DATASET EXCERPTS –
----------
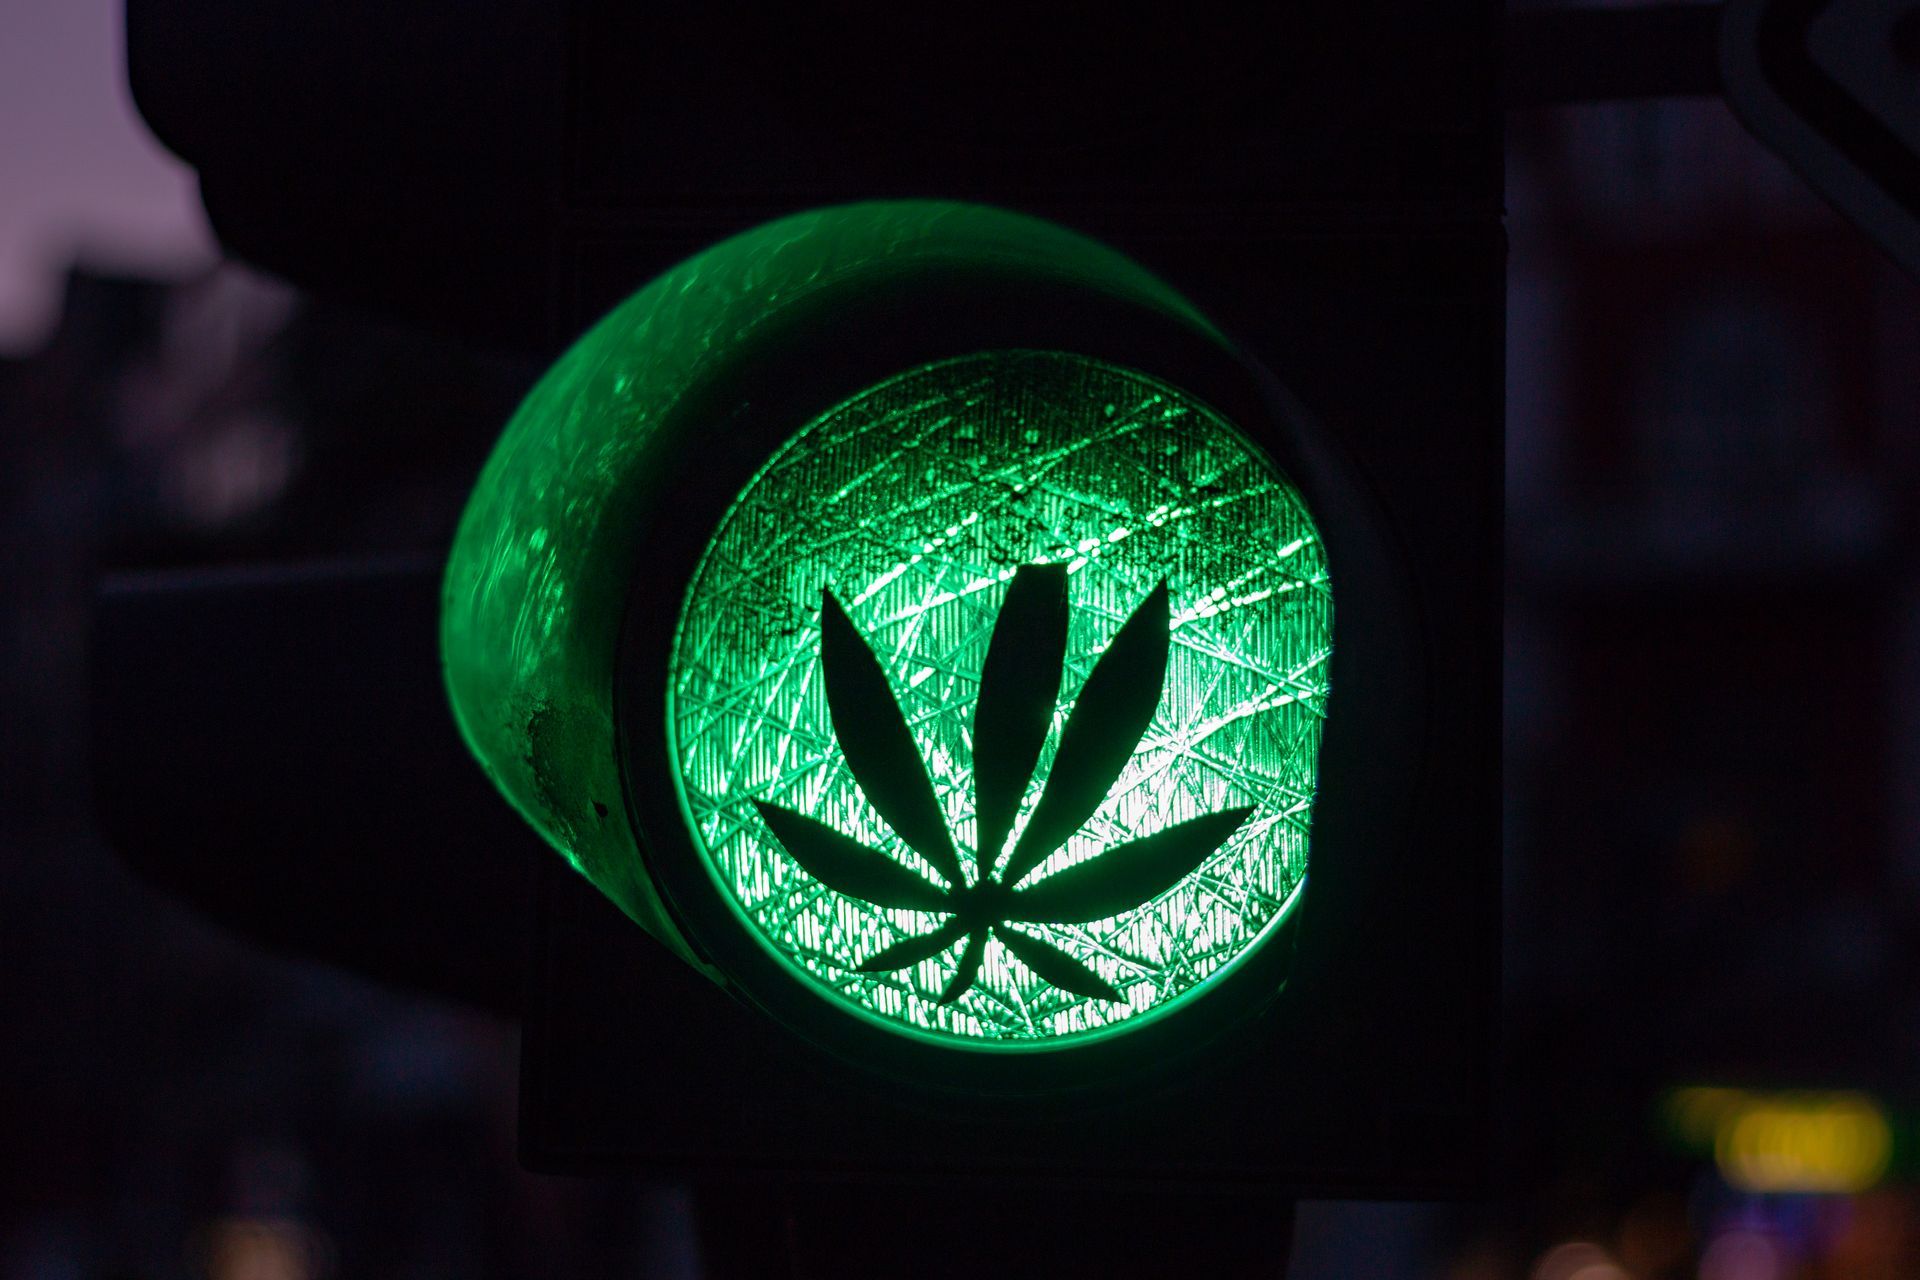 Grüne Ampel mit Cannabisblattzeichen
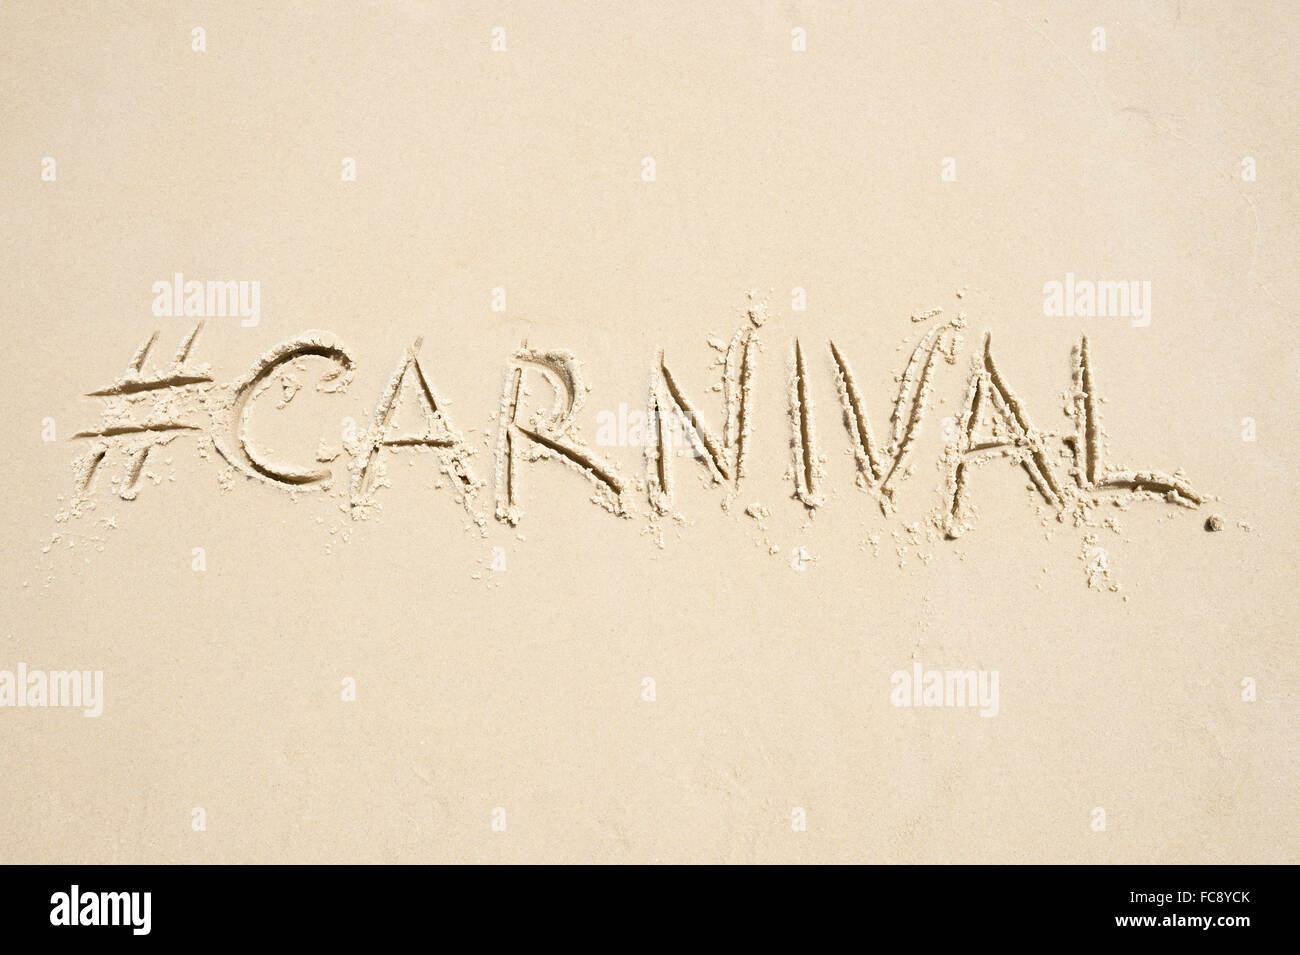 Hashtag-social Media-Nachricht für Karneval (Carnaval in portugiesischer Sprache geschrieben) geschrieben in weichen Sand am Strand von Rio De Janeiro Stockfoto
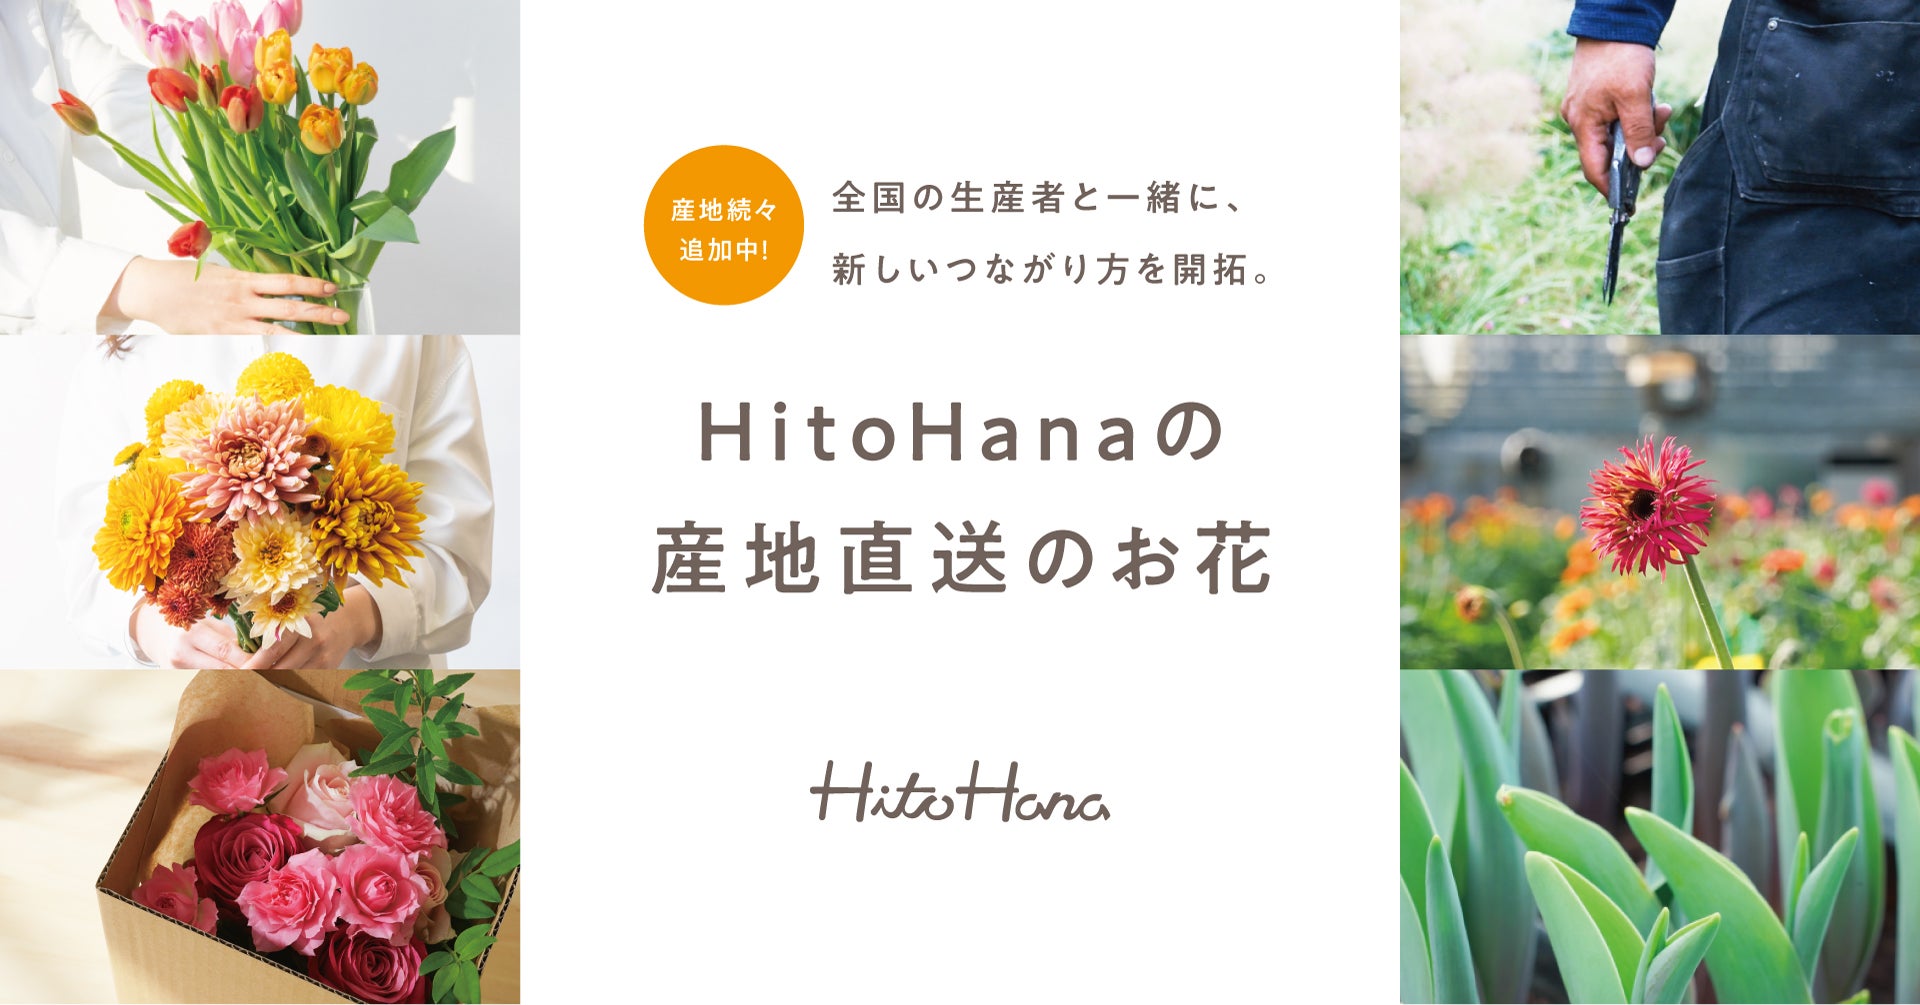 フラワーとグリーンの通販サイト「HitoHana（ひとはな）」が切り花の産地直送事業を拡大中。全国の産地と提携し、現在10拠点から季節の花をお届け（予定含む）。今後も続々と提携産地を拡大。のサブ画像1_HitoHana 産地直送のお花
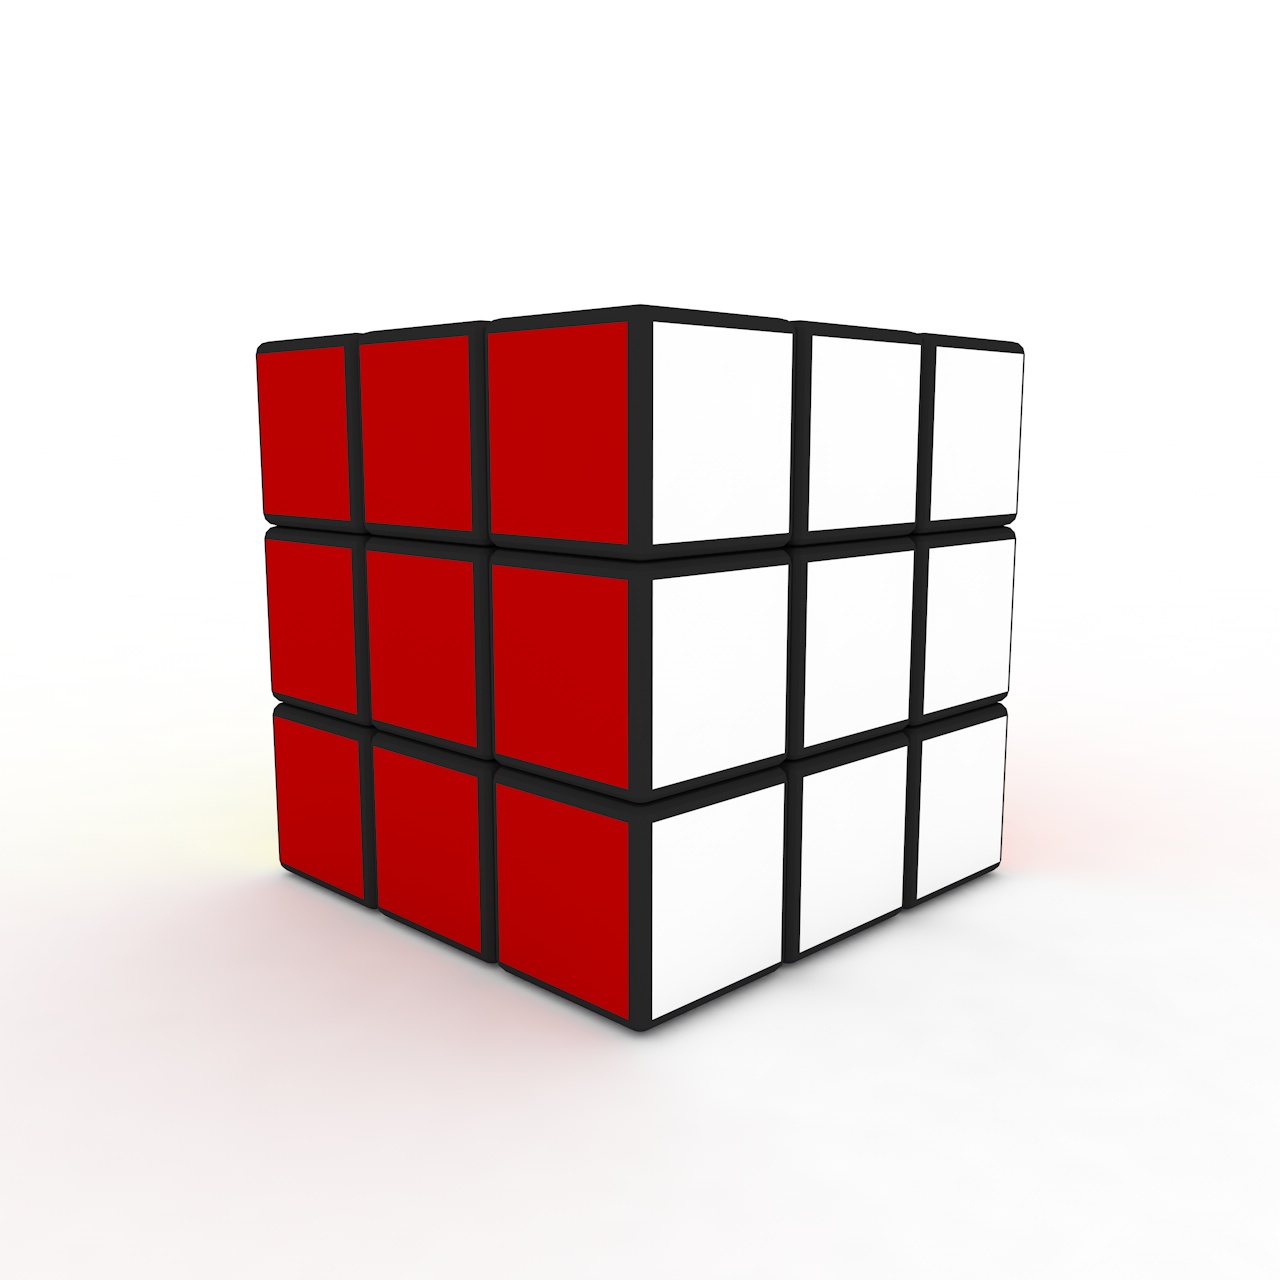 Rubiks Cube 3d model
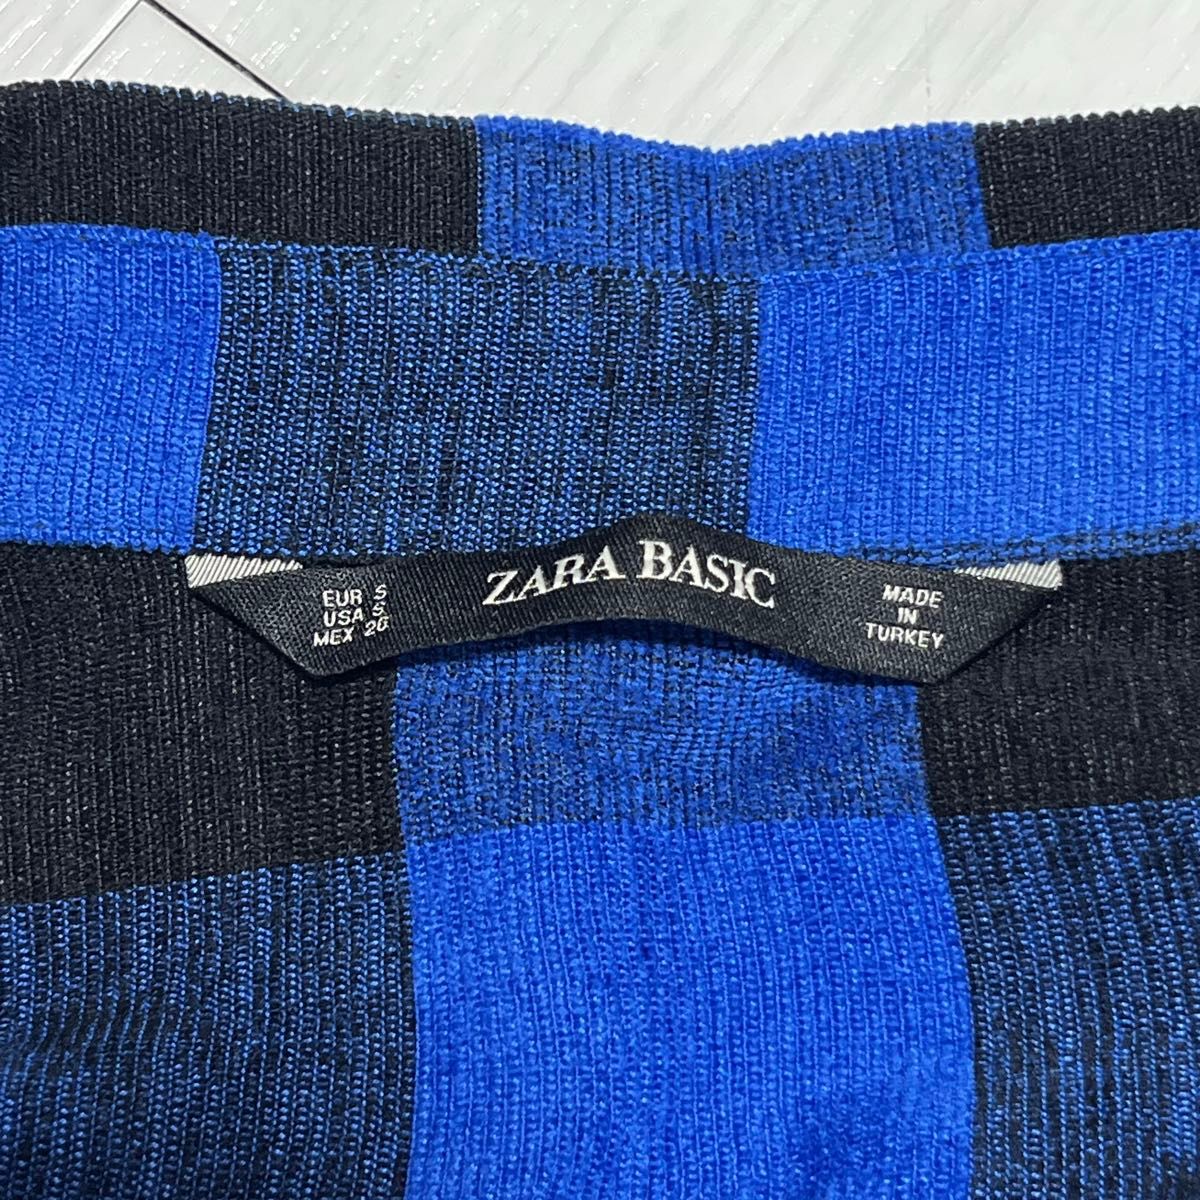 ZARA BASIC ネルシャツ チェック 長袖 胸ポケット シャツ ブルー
----------
YOUR INSTRUCTIONS – Print, exactly and only, the lines running from the line with "Rubiks Cube 3d model" through the last line of the data, including both. Skip any picture.

THE ANSWER –
 Rubiks Cube 3d model
 ZARA BASIC ネルシャツ チェック 長袖 胸ポケット シャツ ブルー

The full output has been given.